Package: release.debian.org
Severity: normal
Tags: trixie
X-Debbugs-Cc: nginx at packages.debian.org
Control: affects -1 + src:nginx
User: release.debian.org at packages.debian.org
Usertags: pu

Hi,

the Debian nginx package currently uses "$http_host" in the default
*_params configuration files (proxy_params, fastcgi_params, scgi_params,
uwsgi_params) when setting HTTP_HOST / Host.

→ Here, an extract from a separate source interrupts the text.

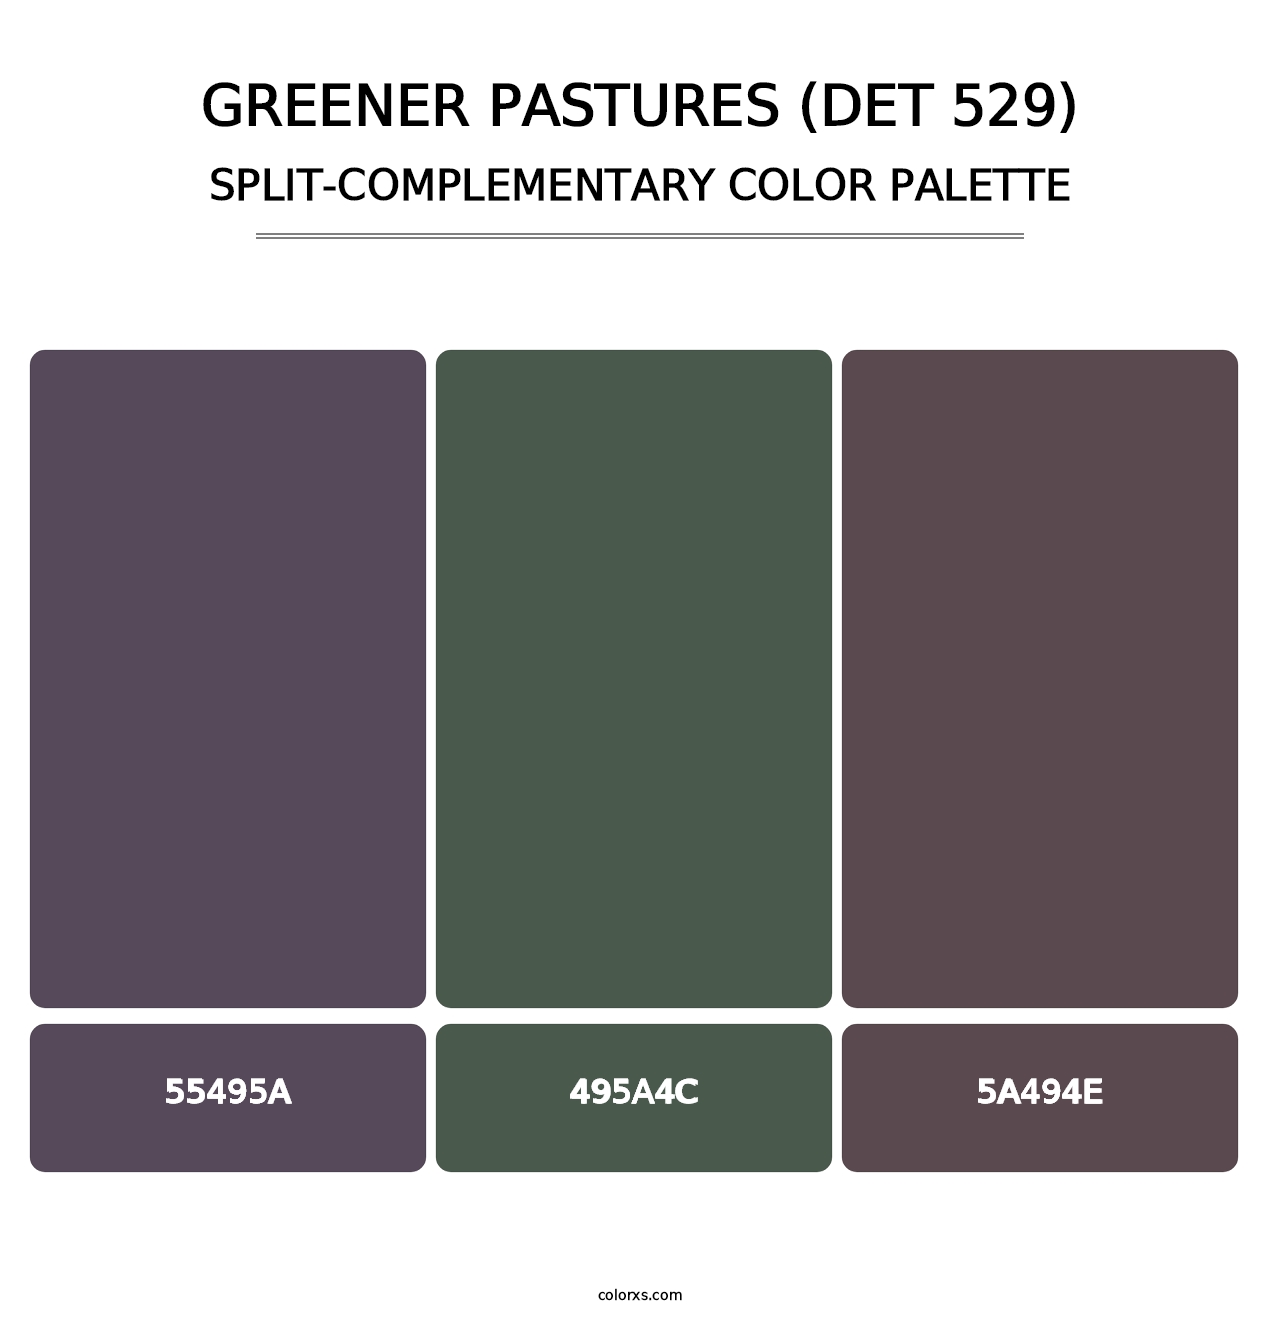 Greener Pastures (DET 529) - Split-Complementary Color Palette
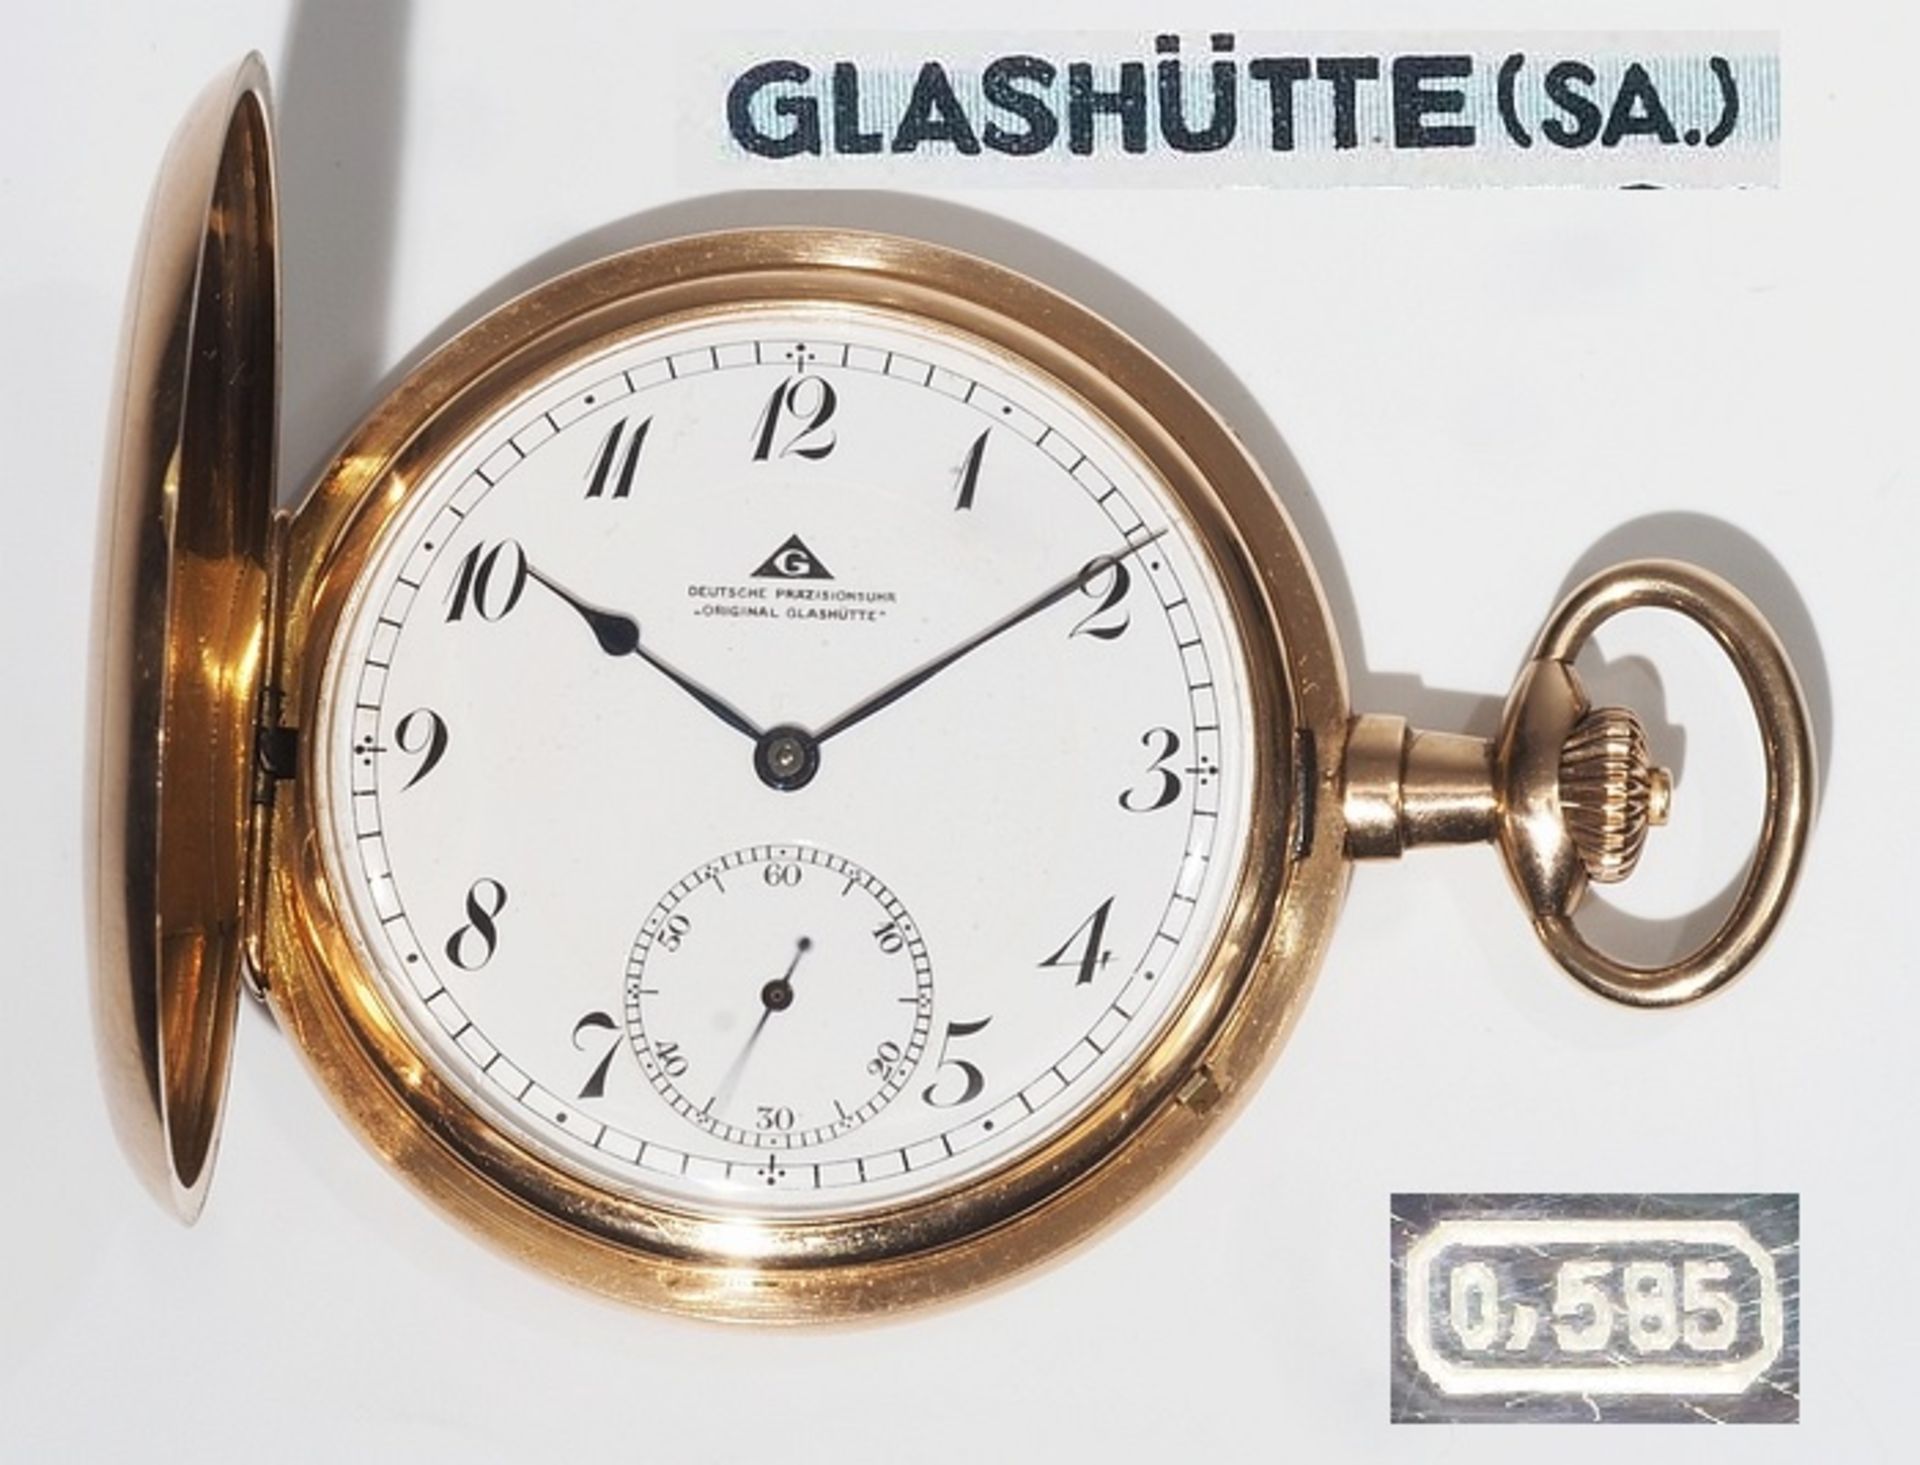 Savonette / Sprungdeckel Taschenuhr. Deutsche Präzisions-Uhrenfabrik Glashütte. Referenznummer

"$http_host" is the Host header exactly as supplied by the client.
This is unsafe when a client sends an absolute-form request target together
with a different Host header, for example:

    GET https://example.com/ HTTP/1.1
    Host: malformedhost

In such a case, passing "$http_host" upstream exposes the raw client-supplied
Host value ("malformedhost") to the backend application, even though it does
not match the effective request target. Applications often use HTTP_HOST for
redirects, absolute URL generation, virtual host routing, or security checks;
forwarding the raw Host header can therefore lead to incorrect or unsafe
behaviour.

Newer nginx versions (since 1.30.0) introduce variables "$is_request_port" and
"$request_port", allowing HTTP_HOST to be constructed as:
    $host$is_request_port$request_port

In stable/oldstable packages we use "$host" as a security workaround.
It avoids forwarding an untrusted raw Host header to the backend.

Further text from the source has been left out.